[
What is shaping up in the global markets and especially the US because there are recessionary fears. But other than that, it is the CPI data that is cooling off. Give us your reading and sense on where the US market is headed, taking cues from all of the macro data.
Anurag Singh: CPI came in good and I am of the view that with the efficient cutting of government spending that this government is doing along with the DOGE effort, we have seen the peak of the inflation already. If there was one worry whether inflation will cool down or prove to be sticky, it is now reasonably sure that inflation is not a worry. The worry is moving more towards the recession side, but certainly not on the inflation side. So, on that front, the news is good but there is a whole set of worries that the market is now thinking about.The grain of the truth here is that the US macro data now seems to be deteriorating, which is earnings, the GDP growth, unemployment data, even for that matter inflation. The way inflation has come out, for me, it is an indication of pricing power going away. It is not an indication that things are normalising. Is the best behind the US economy? If it is, are we in for another change of guard at the Fed?
Anurag Singh: This is the way I read it. I understand there is no clarity in the markets and you can take either direction. But in terms of macro data, so far it has not deteriorated. It is in anticipation that it will deteriorate. Inflation is cooling down a bit, but other than that, the data points are reasonably high. In terms of GDP, the Atlanta Fed and New York Fed are showing negative projections because of imports. They have tried to front-run the tariffs, but that is a slowing in the economy per se.
As long as people hold jobs, it is very difficult to make a case that the economy will slow down. So that is on the GDP front. But we will see what happens. In terms of earnings, this is interesting and why the market is taking a correction. Every company is beating the numbers on Q4, but they are giving a weaker or a very cautionary guidance and that is when the markets correct. All the revisions from the analysts and everything for Q1, Q2, the earning revisions are the projections are being downgraded.

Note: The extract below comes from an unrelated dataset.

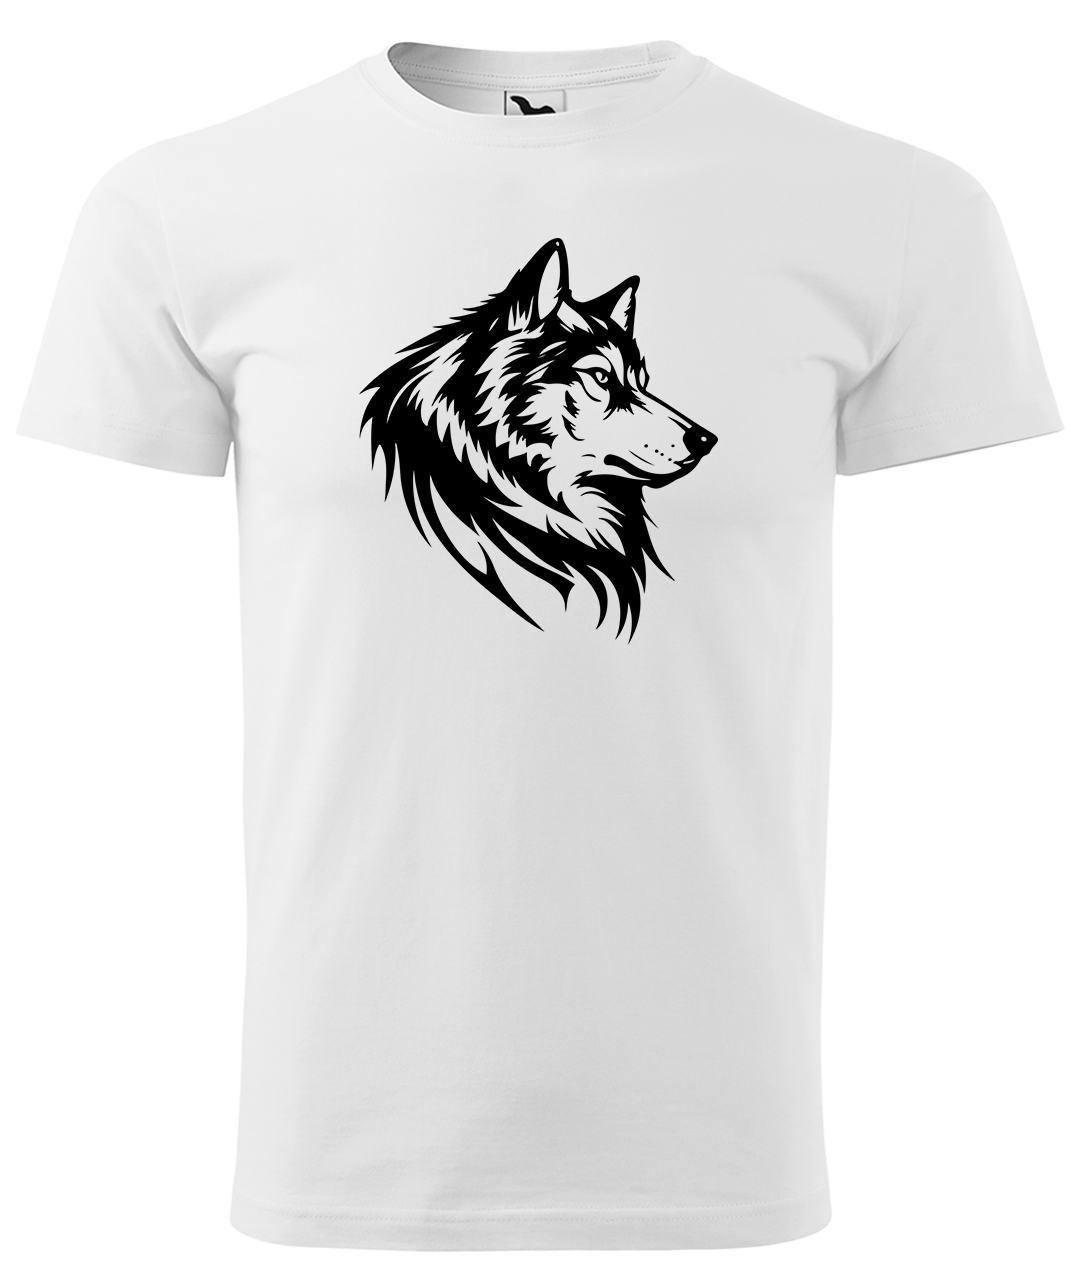 Dětské tričko s vlkem - Wolf Velikost: 4 roky / 110 cm, Barva: Bílá (00), Délka rukávu: Krátký rukáv

It is not that the actual earnings are low, but the projections are that, well, in this environment, how do you really beat that? So that is where we are. I understand being the US, we could have managed it much better than the way it is, but of course, there is no Trump put in the market and people are wondering if there is a Fed put on hold. This time we will figure out on the 19th, so that is where we are. It is complex. There are no clear answers.